ECLI:NL:RBALM:2008:BH6626
Rechtbank Almelo
- Eerste aanleg - enkelvoudig
- mr. Blankestijn
- Rechtspraak.nl
Afwijzing faillissementsverzoek wegens gebrek aan goede trouw van de verzoeker
Op 19 december 2008 heeft de Rechtbank Almelo uitspraak gedaan in de zaak van M, die een verzoek tot toepassing van de schuldsaneringsregeling had ingediend. M, geboren op 14 januari 1978 en woonachtig in Oldenzaal, had eerder een drukkerij geëxploiteerd, maar deze was in juli 2008 beëindigd. M had een aanzienlijke schuldenlast van € 550.278,25, waarvan het merendeel aan Xerox Financial Services BV. De rechtbank oordeelde dat M niet te goeder trouw was geweest in de vijf jaar voorafgaand aan zijn verzoek, omdat hij zijn schulden niet had betaald en er aanwijzingen waren dat hij zijn activa had ondergebracht in een nieuwe BV, waarvan zijn partner en accountant aandeelhouders waren. Dit wekte de indruk dat hij zijn grootste schuldeiser, Xerox, opzettelijk had benadeeld.
De rechtbank merkte op dat M had geprobeerd zijn onderneming zo goed mogelijk te liquideren, maar dat er geen redelijke prijs was bedongen voor de overname van het klantenbestand. De rechtbank was van mening dat M niet het onderste uit de kan had gehaald bij de verkoop van zijn activa, vooral gezien de betrokkenheid van zijn partner en accountant bij de nieuwe BV. De rechtbank concludeerde dat er geen omstandigheden waren die de toepassing van de hardheidsclausule rechtvaardigden, en wees het verzoek tot schuldsanering af.
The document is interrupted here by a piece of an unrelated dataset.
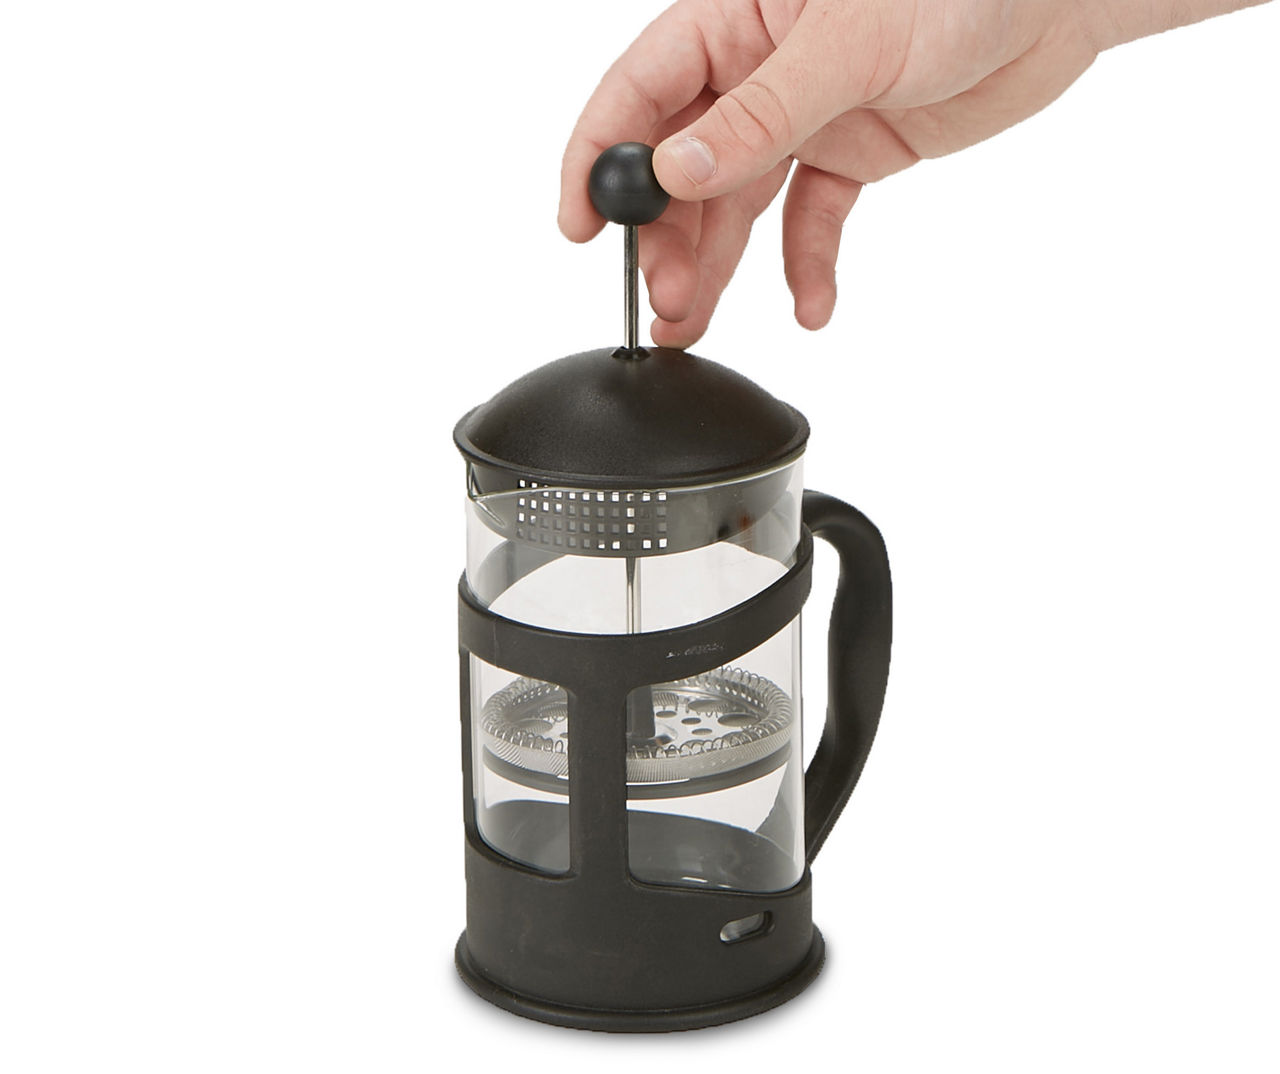 Shoppers Love This French Press, and It's on Sale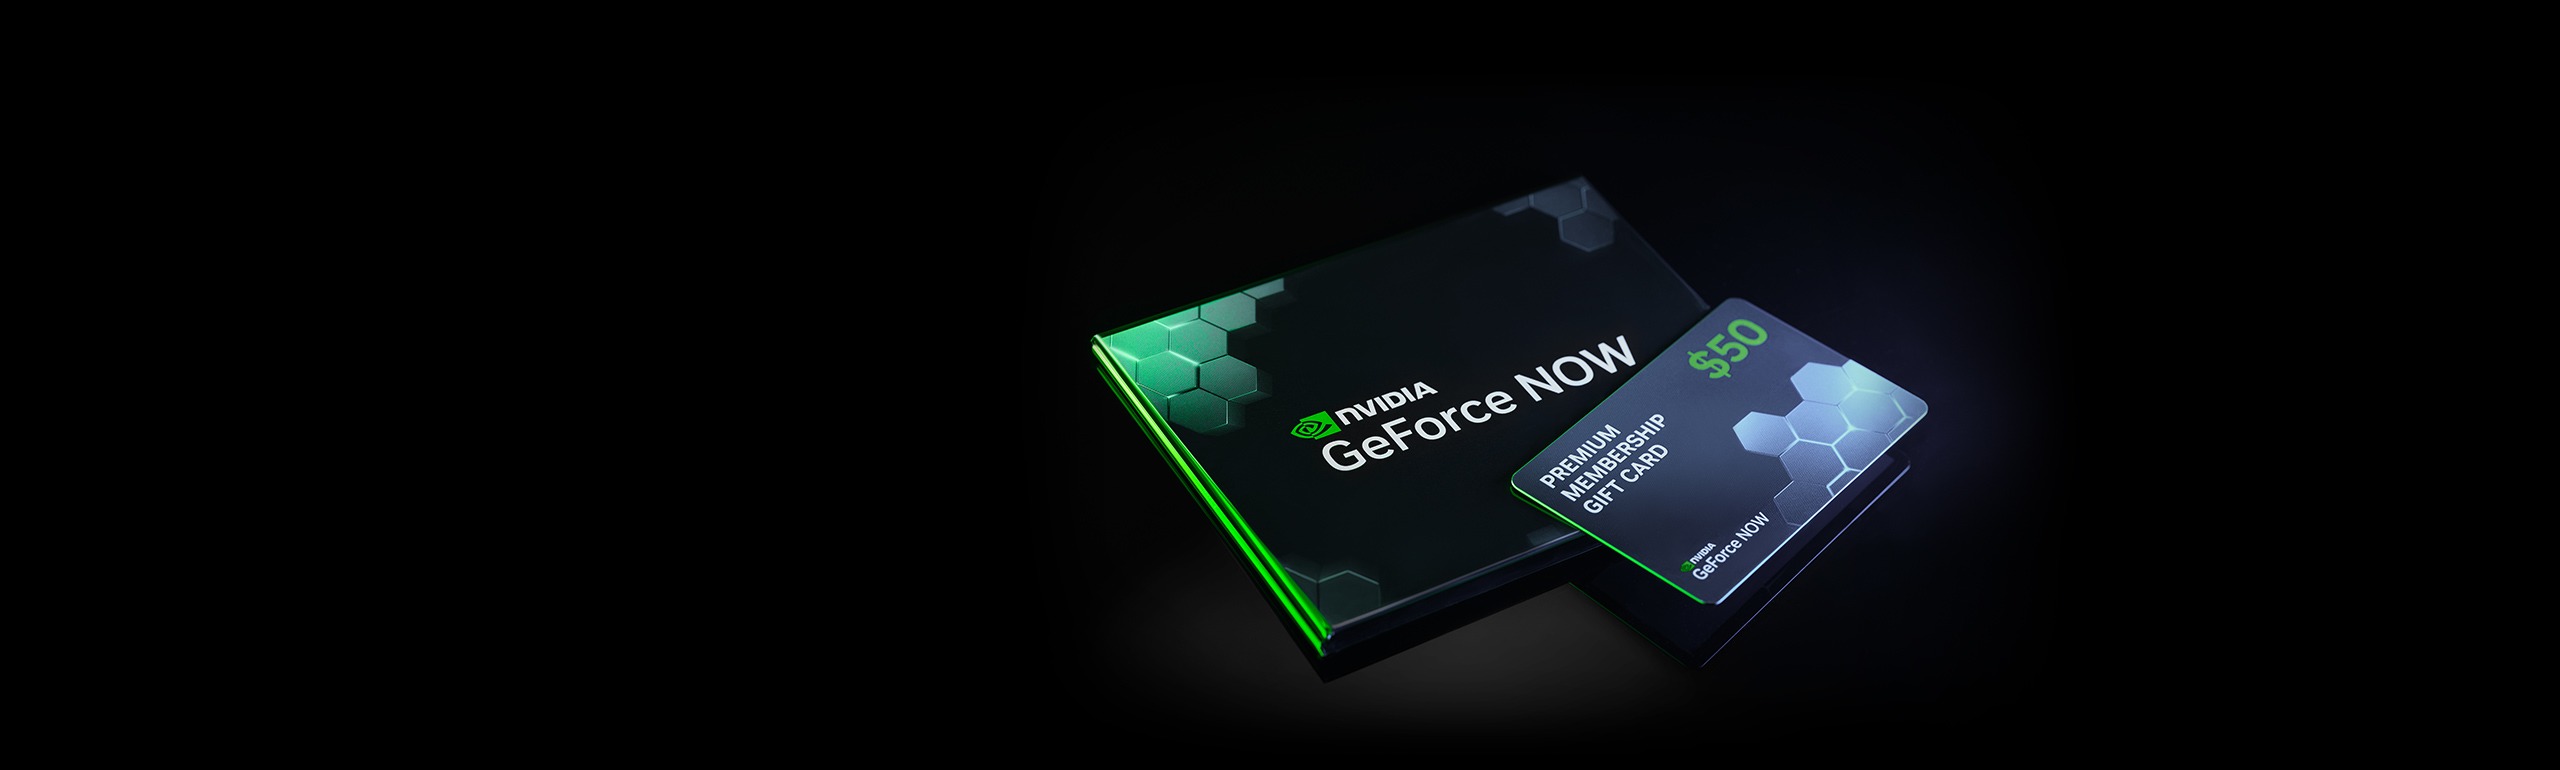 Shop GeForce NOW Gift Cards - Gifts for Gamers | NVIDIA

De uitspraak benadrukt het belang van goede trouw in faillissementsprocedures en de noodzaak voor schuldenaren om transparant te zijn over hun financiële situatie en de afwikkeling van hun schulden. M had het recht om binnen acht dagen na de uitspraak in hoger beroep te gaan bij het Gerechtshof te Arnhem.